Algumas pessoas foram contra a criação do falso ponto de ônibus por acreditarem que mentir para o paciente não fosse uma boa ideia. O problema é que as outras formas de evitar que esses pacientes fujam do hospital durante um surto são: trancar a pessoa em um quarto fechado ou drogá-la com tranquilizantes. Nenhuma dessas opções seria tão simples e tão respeitosa quanto a solução criada pelo hospital.

Foi só o número de pacientes perdidos começar a diminuir, que a solução acabou se provando eficaz.

Como bem observou Mel Edwards em seu blog, esse exemplo do hospital é um excelente case de Design que mostra como é possível usar a criatividade para o bem.

Os criadores do ponto de ônibus, além de terem se preocupado com as necessidades e sentimentos dos pacientes, médicos e familiares quando um surto desses acontece, ainda se preocuparam em permitir que o paciente agisse sob sua própria vontade. Ao invés de forçarem o paciente a fazer algo, preferiram posicionar as peças do tabuleiro de forma que ele tomasse as decisões desejadas pelos médicos – sem precisar passar por nenhuma violência física ou psicológica.

Claro que existem muitos poréns em um assunto tão delicado quanto esse.
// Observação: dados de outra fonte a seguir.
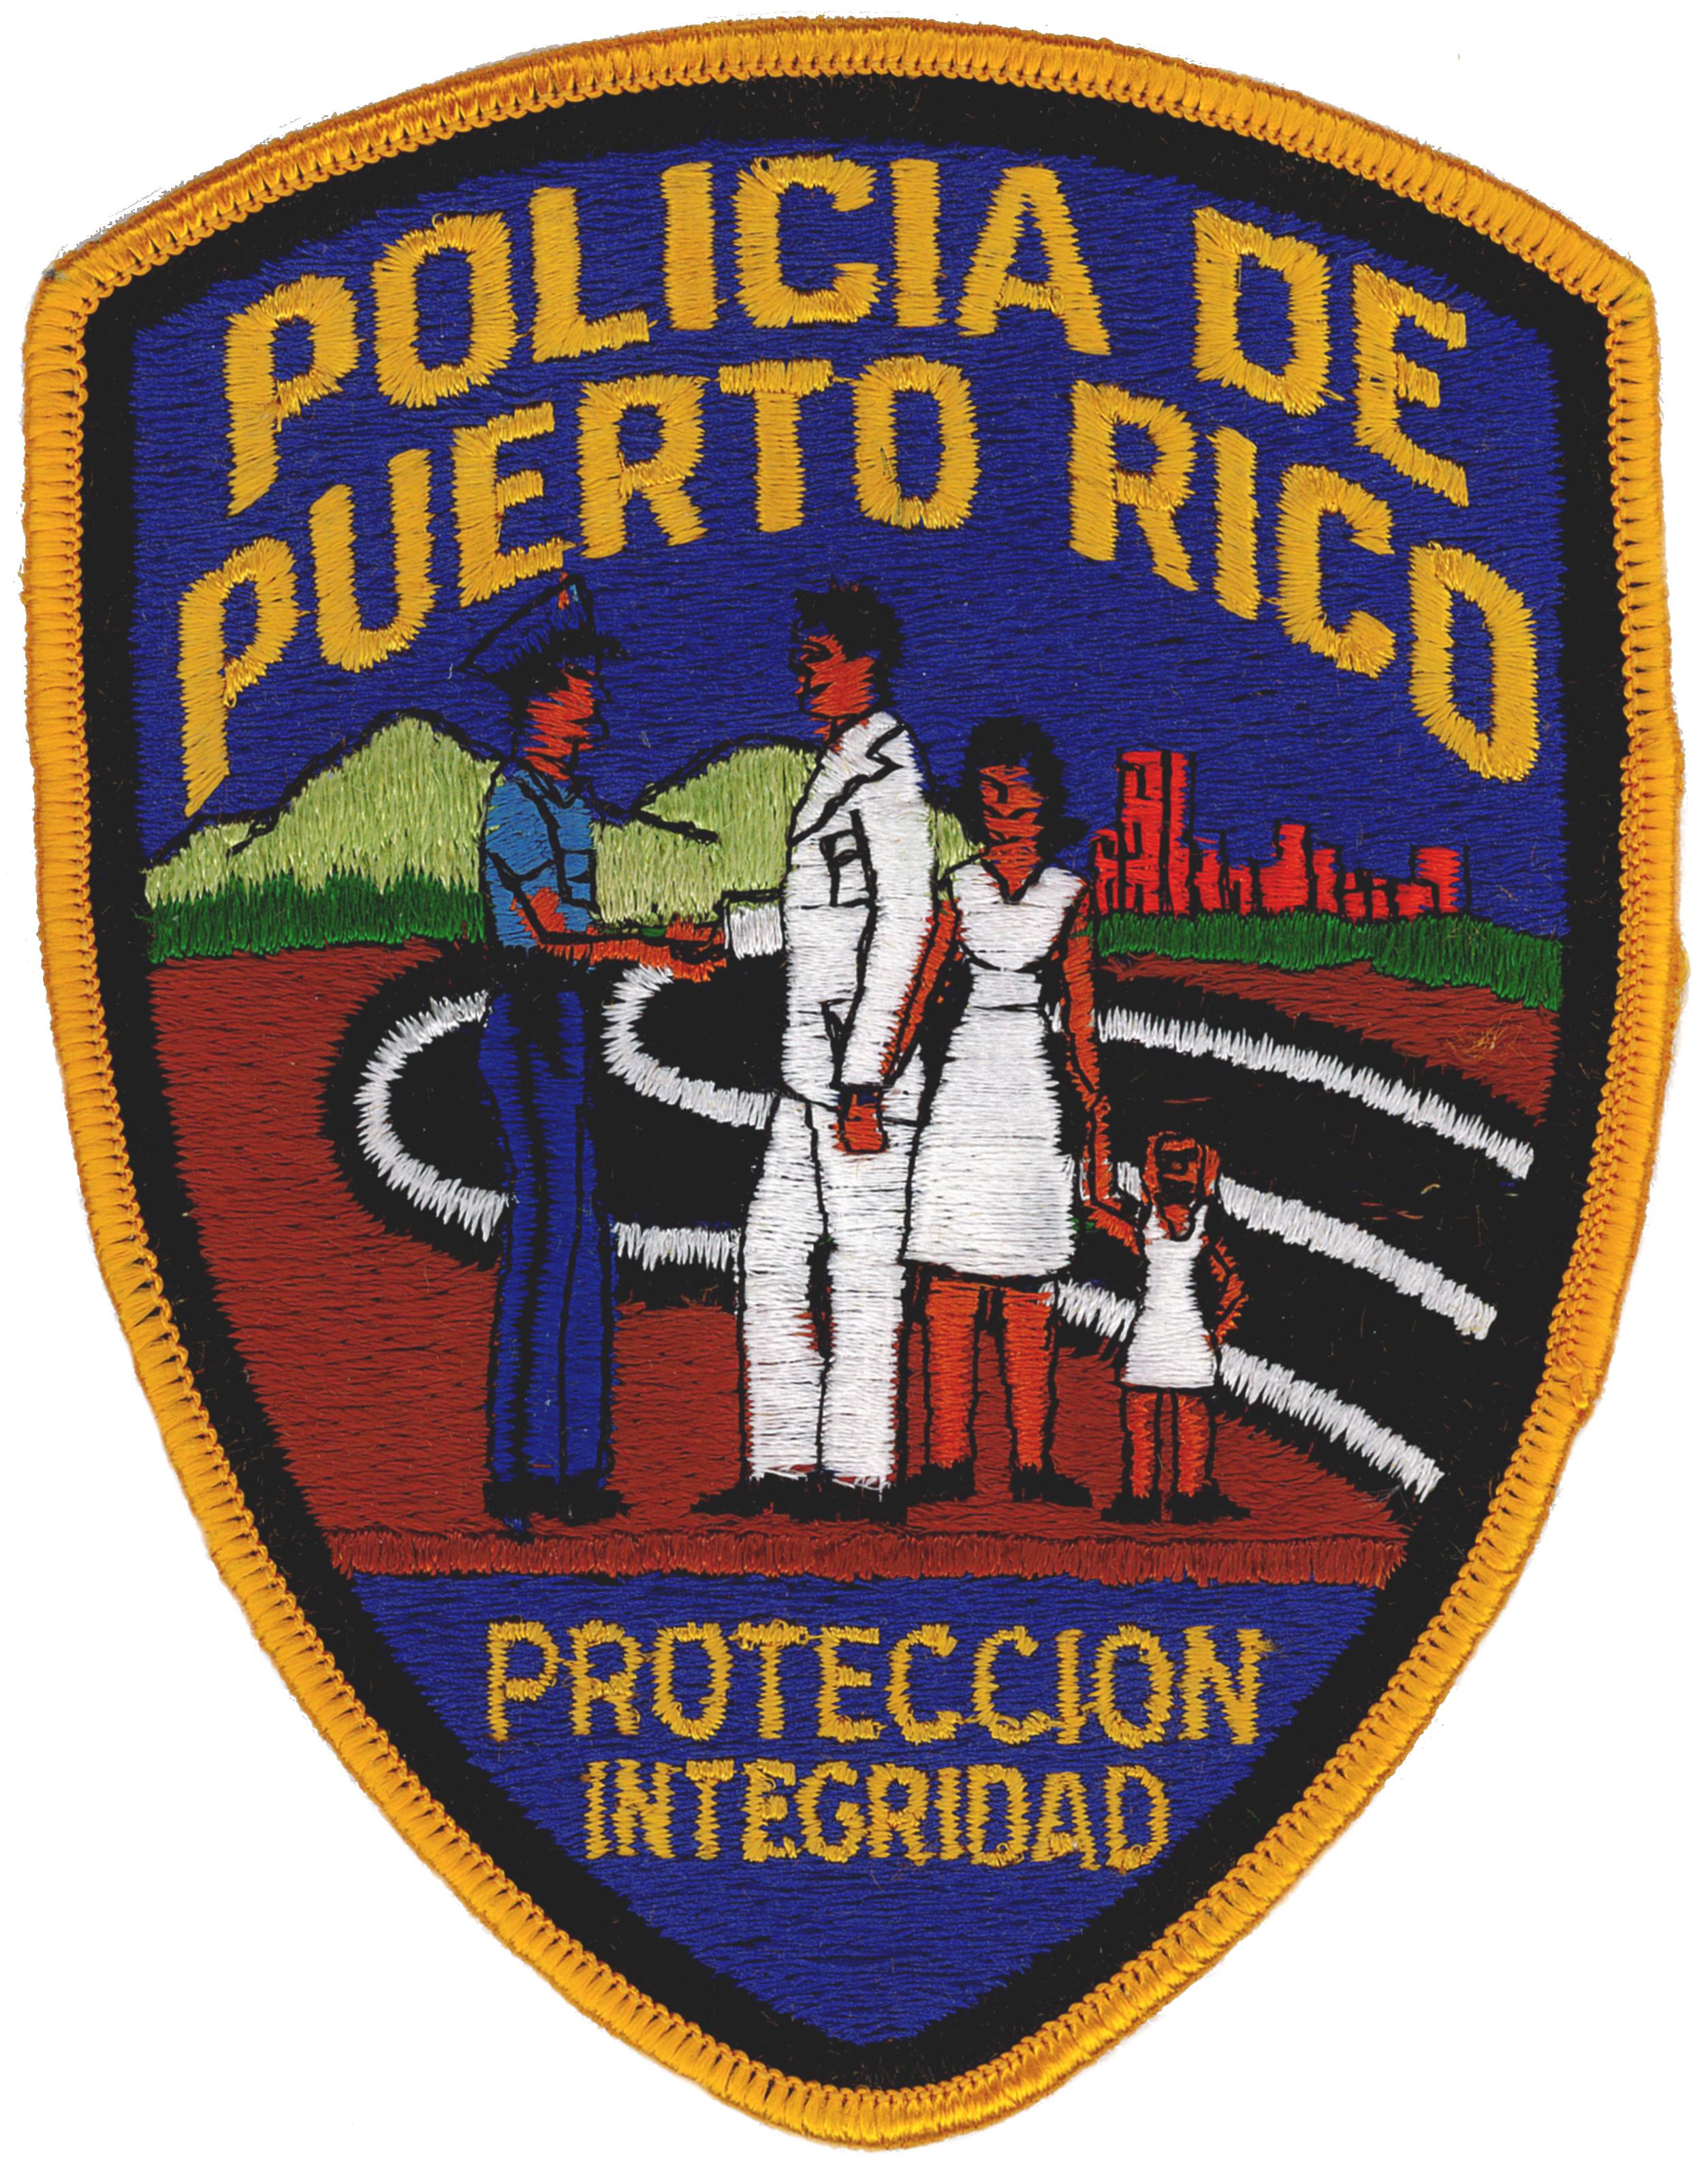 Policia De Puerto Rico

Mas para mim, isso é incrível.

Comments

  1. Claudineia Burtet says:

    Quando possivel, uma grande ideia!

  2. Genial e de uma sensibilidade impar.

  3. Julio says:

    Se for o caso de estarem mentindo para o paciente, então o que é o placebo?

  4. Ccamposneto says:

    Maravilhoso

  5. Laura Jane says:

    Acho que embarcar na “fantasia” de quem tem Alzheimer é extremamente necessário. Não concordo com mentir mas ‘viajar’ junto daqueles que amamos e que no momento precisam de qualquer tipo de ajuda, é super válido.

  6. ursula says:

    a questão aqui não é mentir, e sim entrar na história do paciente. achei ótimo!

  7. Danilo Bueno says:

    Genial. Que bom q isso foi feito em um país que valoriza as novas ideias e que vê a inovação como uma forma de melhorar o mundo, não como um desafio ao conhecimento e poder estabelecido de alguns.

  8. Candido says:

    Ok, boa idéia. Mas, o que fazer com o “ambiente claustrofóbico” dos hospitais??? Bom lembrar: hospital também adoece as pessoas…

  9. Sandramangolin says:

    maravilhoso, idéia genial, adorei o post

  10. Wagner Brenner says:

    Sensacional. Viva os médicos que assobiam durante a consulta, principalmente os da emergência. Lembrar que dentro de um corpo estrupiado tem um cérebro em pânico é humanizar e acelerar a solução. Nota 10 para iniciativa e pelo achado Fabricio.

  11. Fabiane Secches says:

    Ideia ousada, simples e genial, Fabrício. Tb gostei mto do post.